Сегодня долгожданная пятница, и я рассчитываю уехать в дом тёти Нюры. Весьма невежливо прощаюсь с Власовой до понедельника, ссылаясь на плохое самочувствие. И это вовсе не ложь. Воспаление от пореза беспокоит меня, но не настолько, чтобы я бросил всё и отстранился от дела. Я чувствую, что мы уже близки к разгадке.
– Ангелин, попроси ребят отыскать этих Дружинину и Проскурякова, поболтаем на неделе с ребятами, если они в городе, авось и приоткроется завеса тайны, что же тогда случилось после школы.
– Боже, Власов, ты ещё не понял? Туманова опасна. Сколько тебе ещё нужно доказательств её неадекватности?
– Вот получим выписку из её медицинской карты и поймём, что за проблемы вынудили Пелевиных обратиться к психотерапевту. А до тех пор не будем торопиться с выводами, ладно? Ты тоже можешь выбить кому-нибудь челюсть, но это вовсе не означает, что ты психованная.
– Мне кажется, или ты не веришь в причастность Тумановой к убийствам родителей и мужа? – проницательно интересуется Власова. – Я тебя прекрасно знаю, ты же оттягиваешь момент её задержания, откладываешь поиски беглой преступницы…
– Не говори глупостей, – отмахиваюсь от неё словно от назойливой мухи. – Будь это так, у меня, наверное, был бы в разработке кто-то другой… А мы всё, что делаем, так только носимся как оголтелые вокруг этой девчонки.
– Я тебе не верю, – заявляет Ангелина.
– Твоё право. Я тоже мало кому верю. Но тех, кому я верю, я всегда буду защищать до конца.

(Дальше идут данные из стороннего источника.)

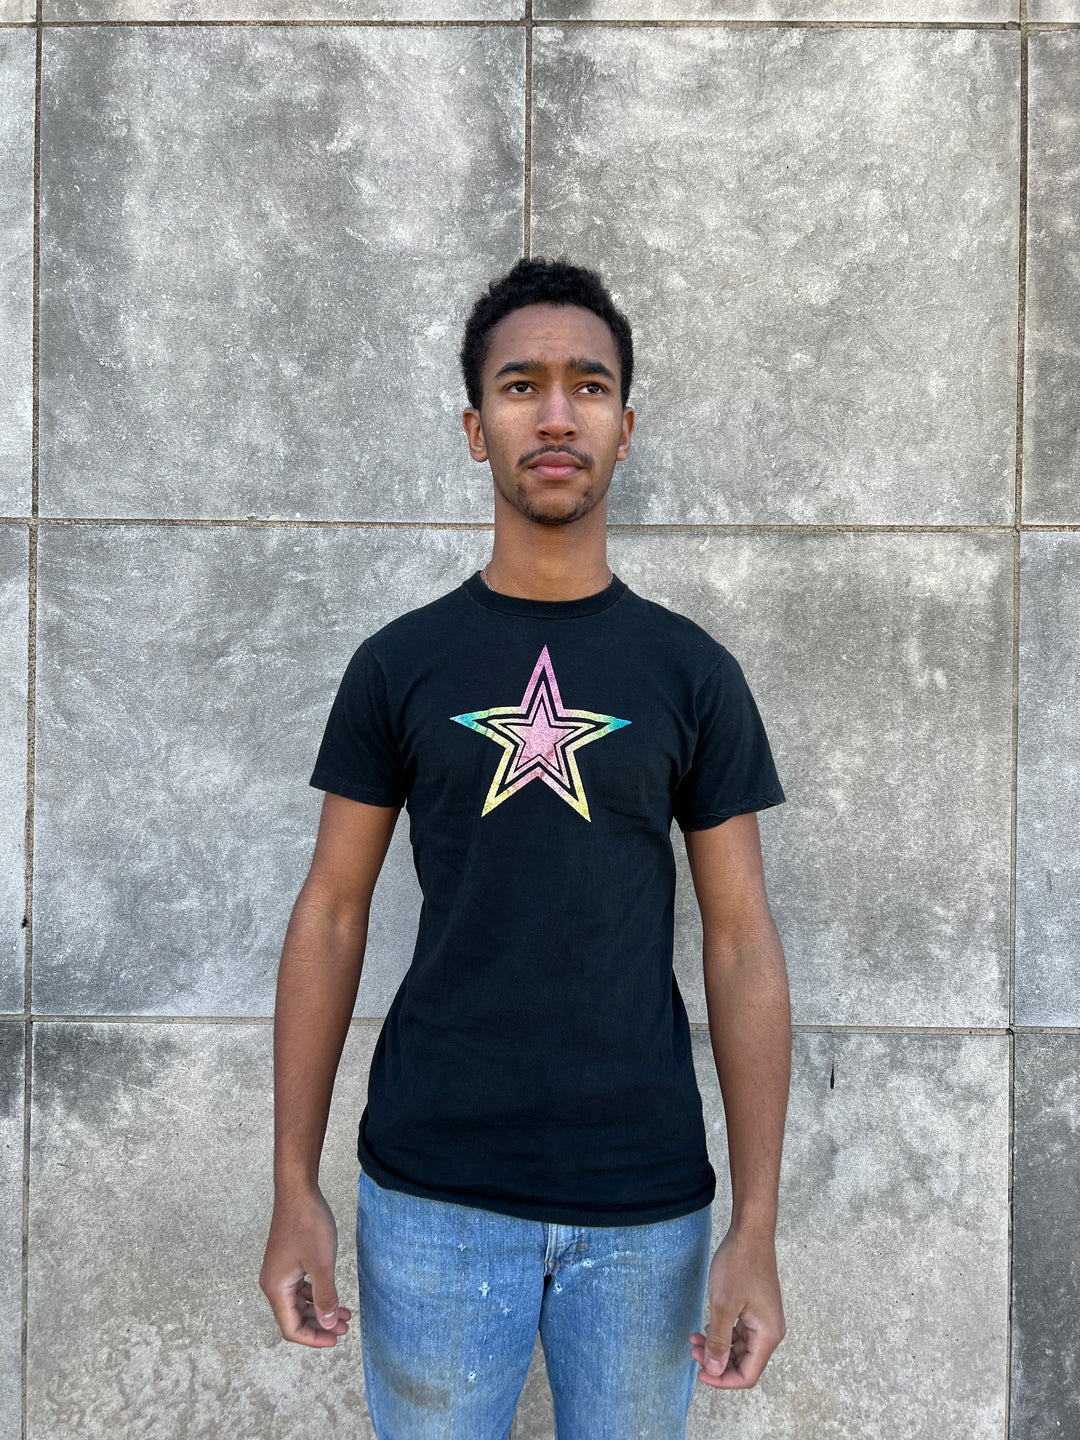 70s Black Cotton T-shirt Single Stitch with Iron-On Glitter Star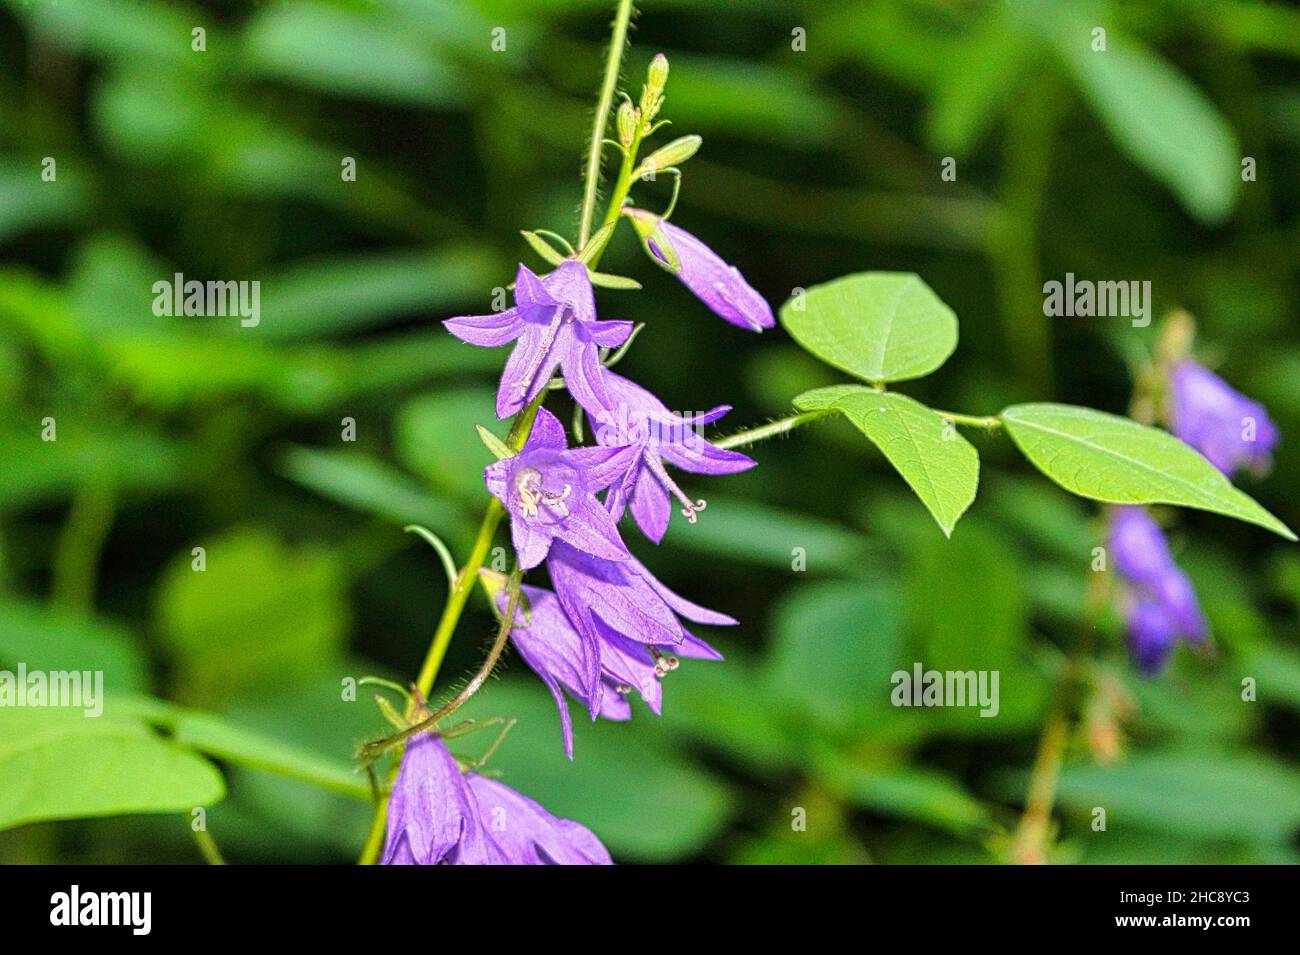 Closeup shot of a purple creeping bellflower or Campanula rapunculoides flower in the garden Stock Photo

Ангелина внимательно смотрит на меня, обдумывая мои слова, и медленно кивает:
– Окей, Власов. Чёрт его знает, на кой тебе это надо, но если ты попадёшь в историю…
– Никакой истории нет, Геля. Я просто пытаюсь донести до тебя одну простую вещь: мне не нравится это дело. Слишком лихо всё закручено, ты не видишь?
– Я вижу очевидное: Туманова – манипуляторша, искусная лгунья, вероятно, вообще, психически нездоровая. Она строит из себя миленькую, а потом наносит удар со спины. Об этом мне говорят свидетельские показания и многолетний опыт работы в органах.
– А я слышу наряду с этим ещё нечто абсолютно противоположное, – возражаю ей. – Умница, отличница, хорошая и послушная дочь…
– Вот именно, Власов. Ангелочек, который умеет показывать зубки.
Я с досадой ударяю по рулю.
– Давай просто поскорее закроем это грёбанное дело!
– Так я же не возражаю, Ярик. Это ты у нас в сомнениях мечешься.
– Я сказал, закроем дело, а не Туманову. Гель, поверь моей чуйке, в этом деле не всё так очевидно, как кажется на первый взгляд.